Hypertension
A comprehensive lecture note covering diagnosis, pathophysiology, lifestyle intervention, pharmacologic treatment, special populations, hypertensive crises, and exam-focused review.
1. Learning Objectives
- Define hypertension and classify blood pressure categories based on current guidelines.
- Explain the pathophysiology of primary (essential) hypertension.
- Identify major risk factors for hypertension and its target organ damage.
- List non-pharmacological interventions and their expected impact.
- Select appropriate pharmacotherapy based on patient-specific factors using a stepwise approach.

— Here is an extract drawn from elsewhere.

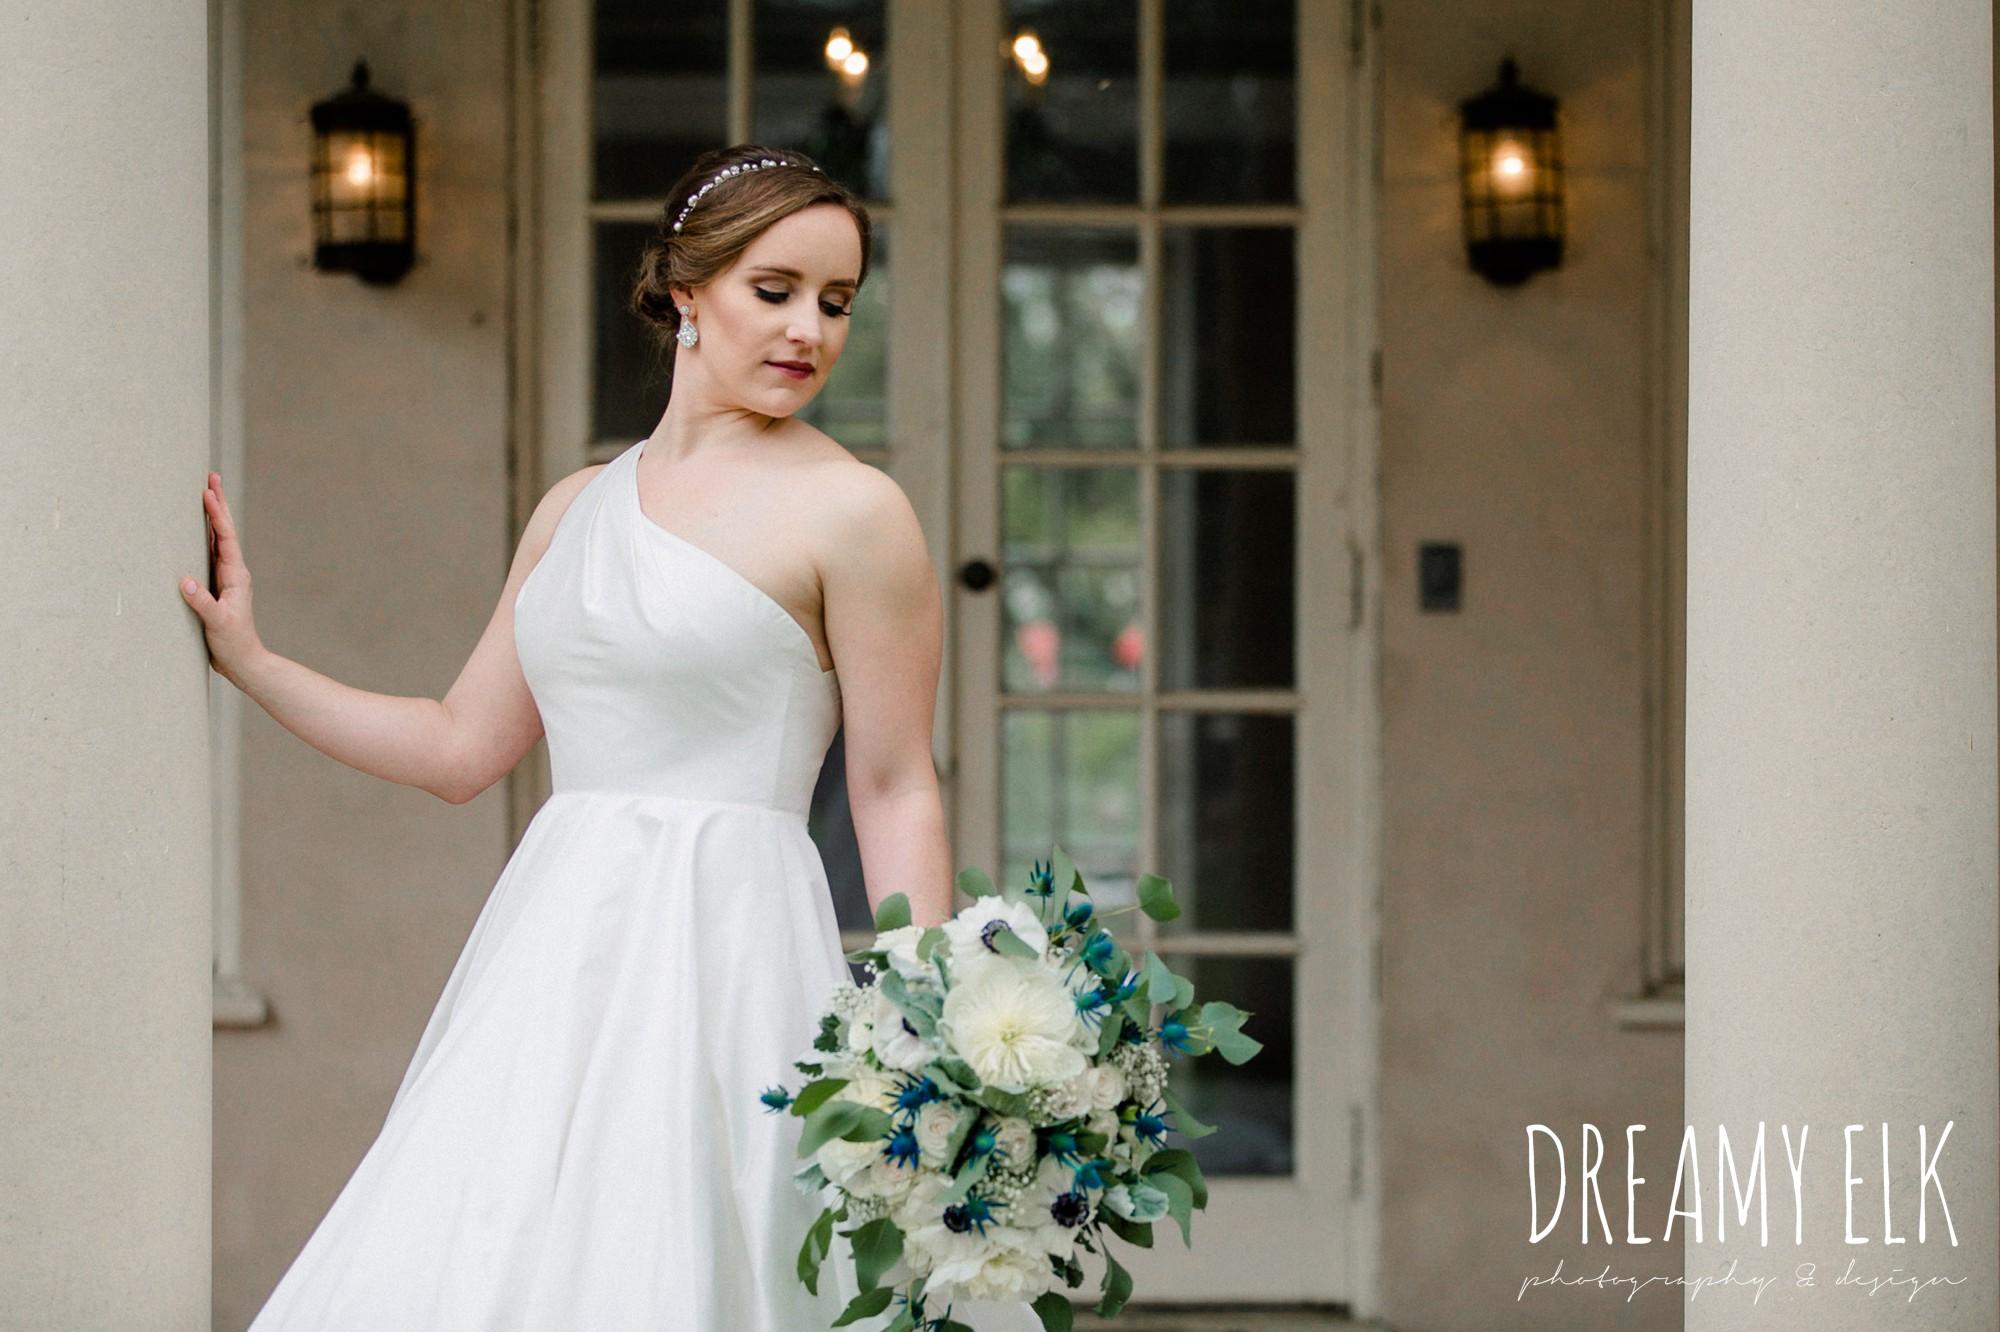 wedding hair updo, modern wedding dress ballgown, spring wedding, the astin mansion, bryan, texas, spring wedding, dreamy elk photography and design

- Identify major drug classes, their mechanisms, key side effects, and monitoring parameters.
- Recognize and manage hypertensive emergencies and urgencies.
- Provide patient-centered counseling points to improve adherence and outcomes.
2. Introduction: The Silent Killer
Hypertension (HTN), or high blood pressure, is a chronic medical condition where the force of blood against the artery walls is persistently elevated. It is often called the "silent killer" because it is largely asymptomatic until significant organ damage has already occurred.
Clinical Significance
Hypertension is a primary risk factor for cardiovascular disease, including myocardial infarction, heart failure, stroke, and chronic kidney disease. It is one of the most common conditions managed in pharmacy practice.
Why Guidelines Matter
Treatment decisions are guided by evidence-based recommendations from the ACC/AHA and the ESC/ESH. Their treatment thresholds and targets may vary slightly, but the major drug classes and treatment logic are closely aligned.
3. Classification of Blood Pressure
Blood pressure is measured in millimeters of mercury (mmHg) and recorded as systolic blood pressure (SBP) over diastolic blood pressure (DBP). This note primarily uses the 2017 ACC/AHA classification.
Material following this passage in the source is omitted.